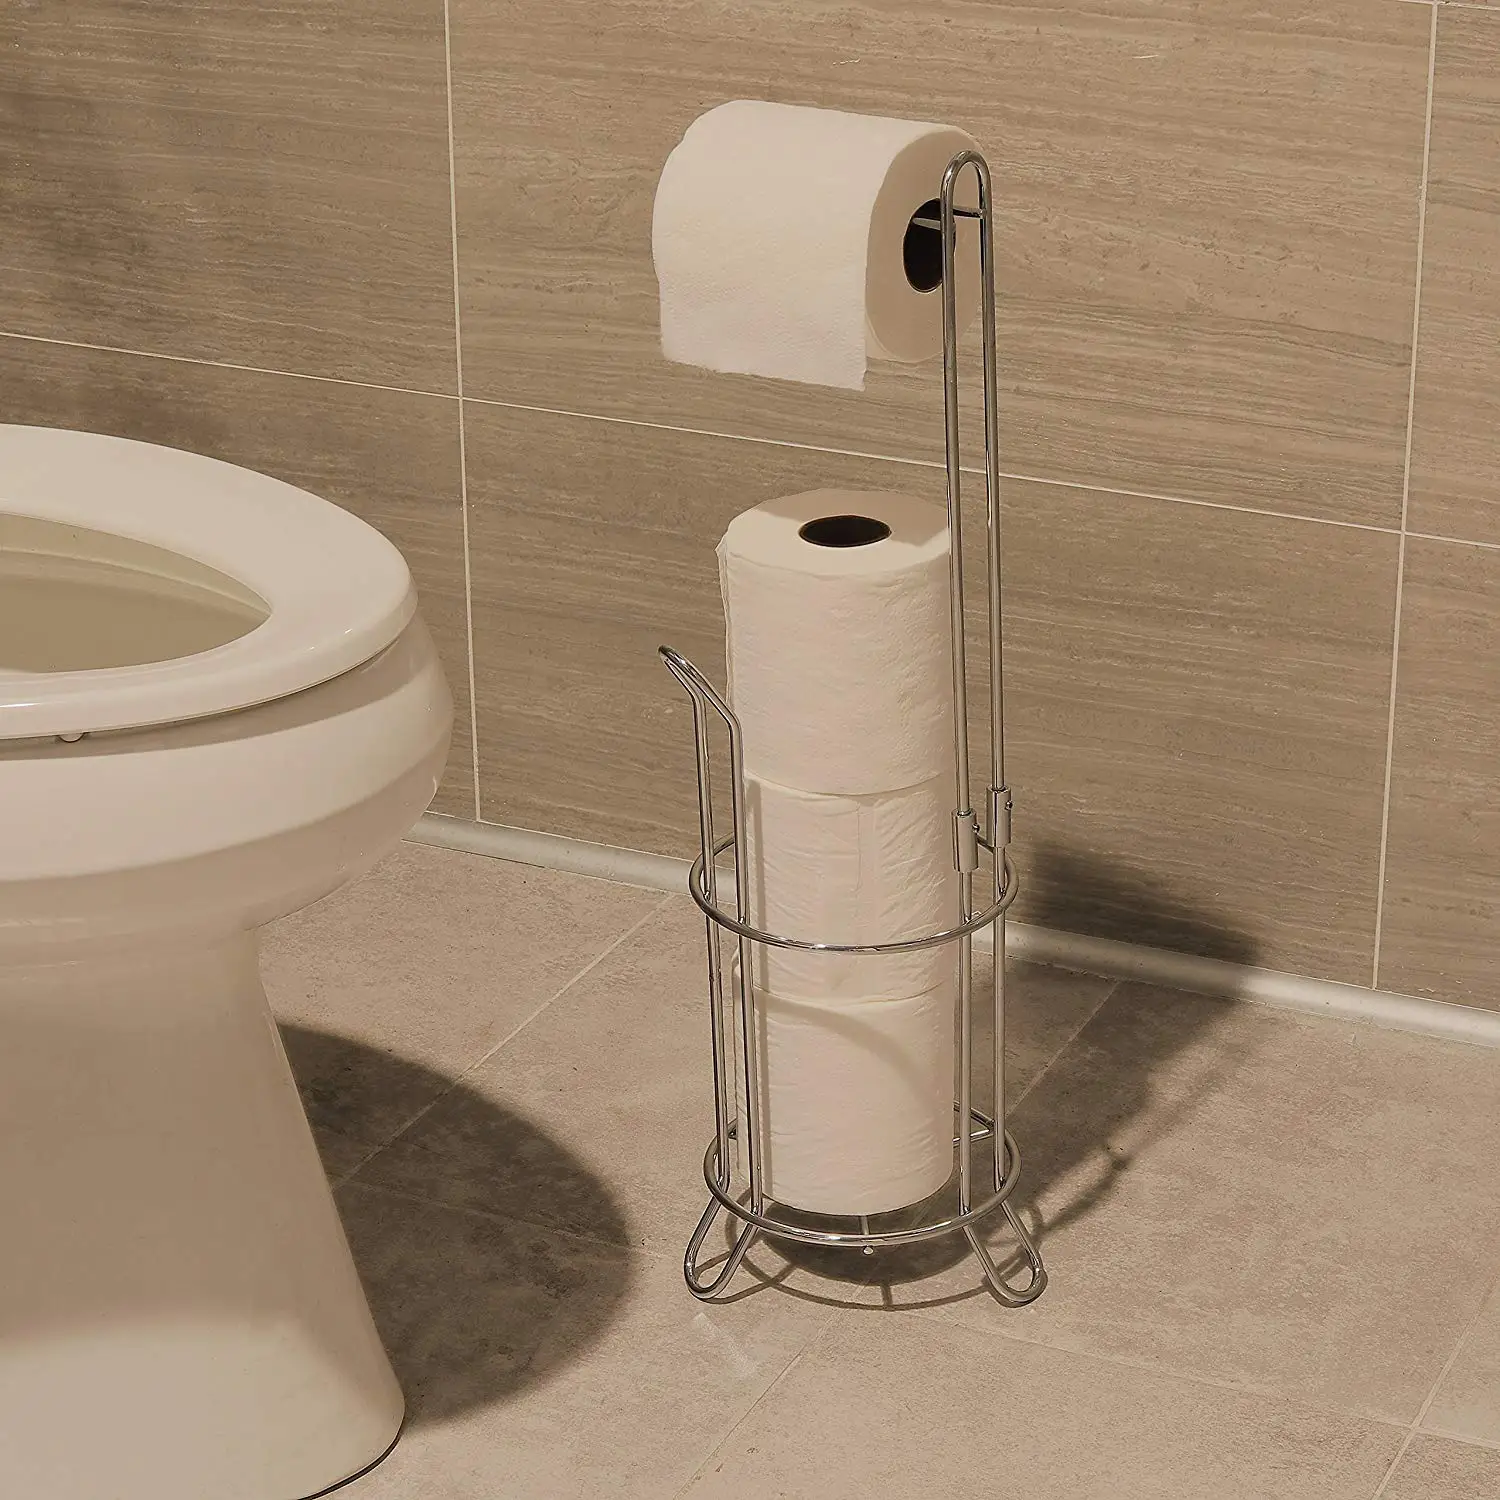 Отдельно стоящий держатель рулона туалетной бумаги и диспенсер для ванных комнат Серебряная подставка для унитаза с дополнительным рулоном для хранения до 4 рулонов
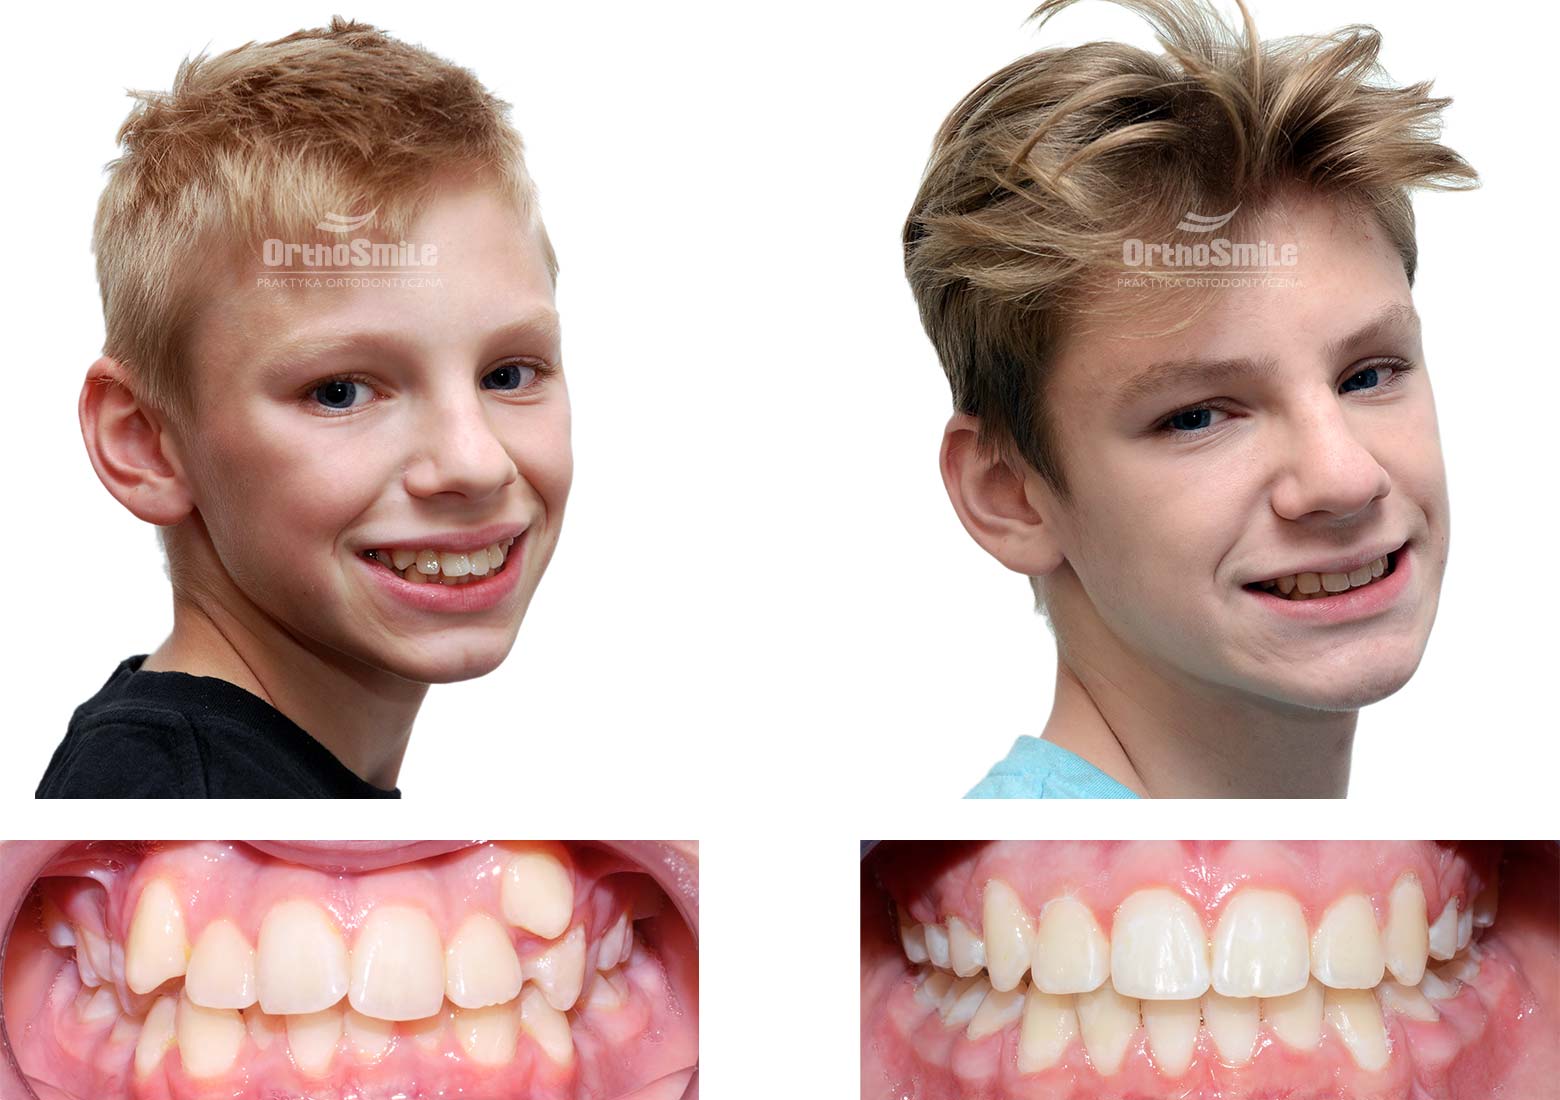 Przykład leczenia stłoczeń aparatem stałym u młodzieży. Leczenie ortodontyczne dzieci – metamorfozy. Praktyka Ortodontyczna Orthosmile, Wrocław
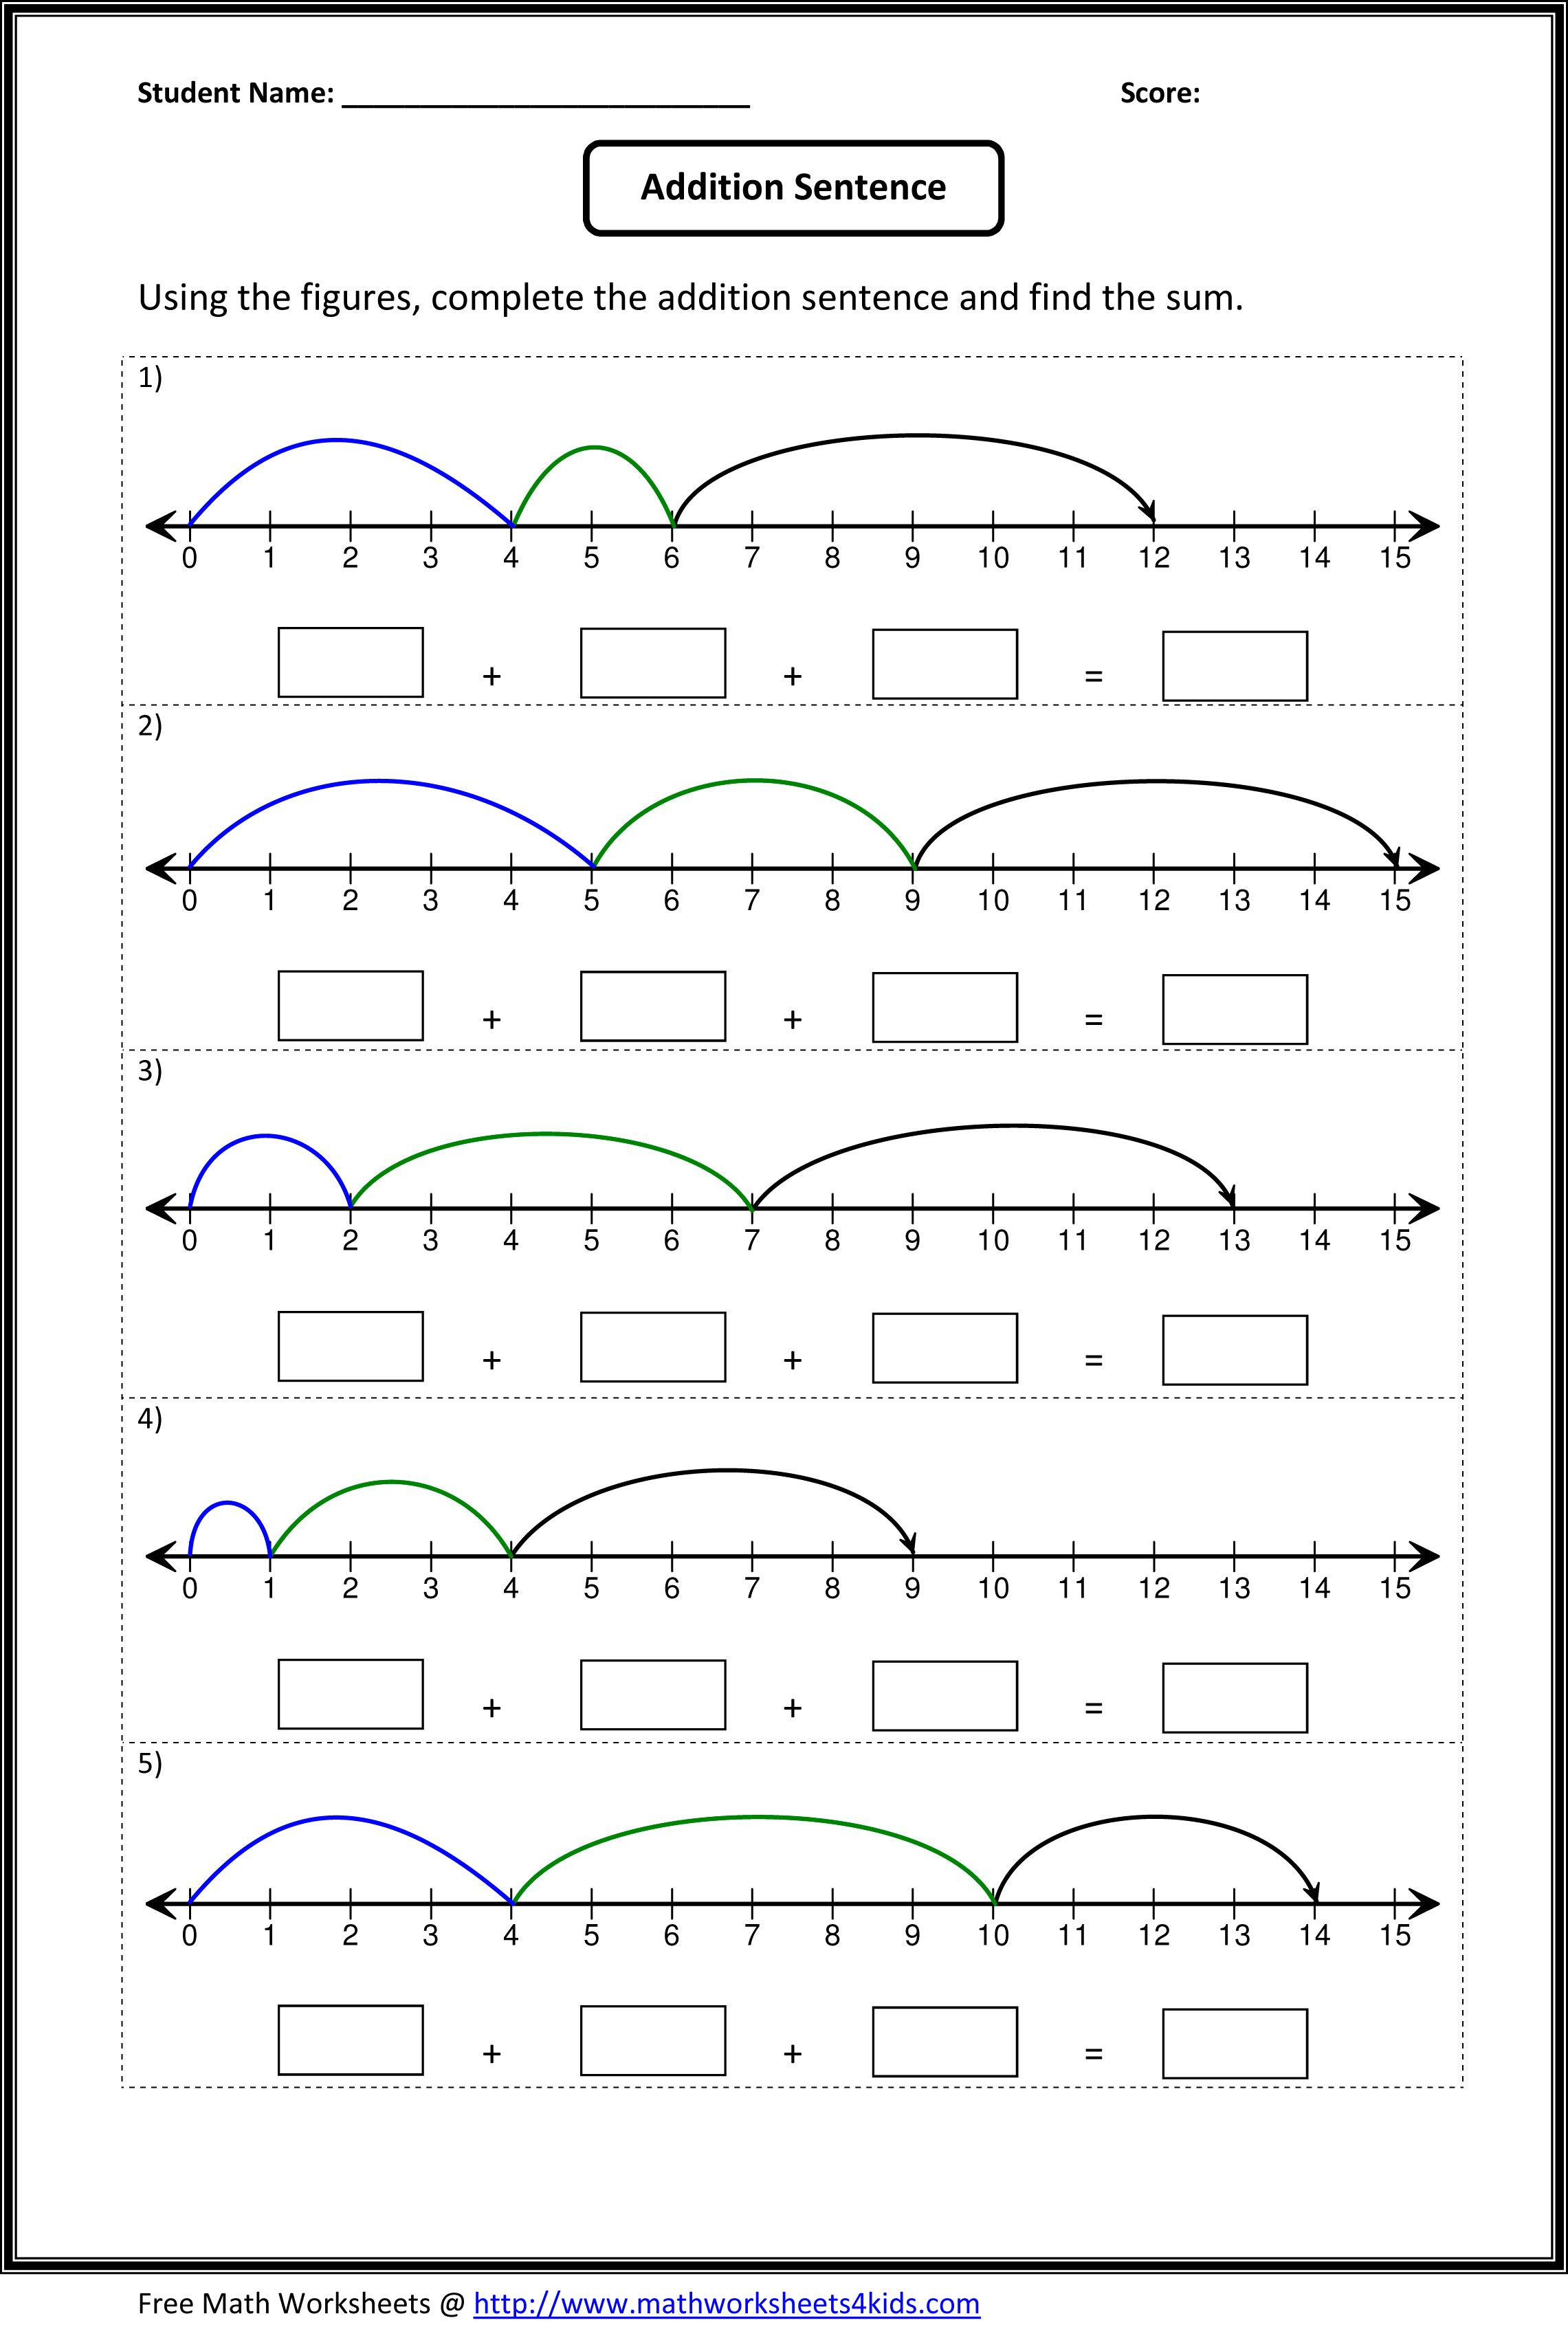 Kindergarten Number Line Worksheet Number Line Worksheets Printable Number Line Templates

## Aim of the task
Exclude the images, then output the data above word for word.

## Your solution
 Отдельно стоящий держатель рулона туалетной бумаги и диспенсер для ванных комнат Серебряная подставка для унитаза с дополнительным рулоном для хранения до 4 рулонов
 Przykład leczenia stłoczeń aparatem stałym u młodzieży. Leczenie ortodontyczne dzieci – metamorfozy. Praktyka Ortodontyczna Orthosmile, Wrocław
 Kindergarten Number Line Worksheet Number Line Worksheets Printable Number Line Templates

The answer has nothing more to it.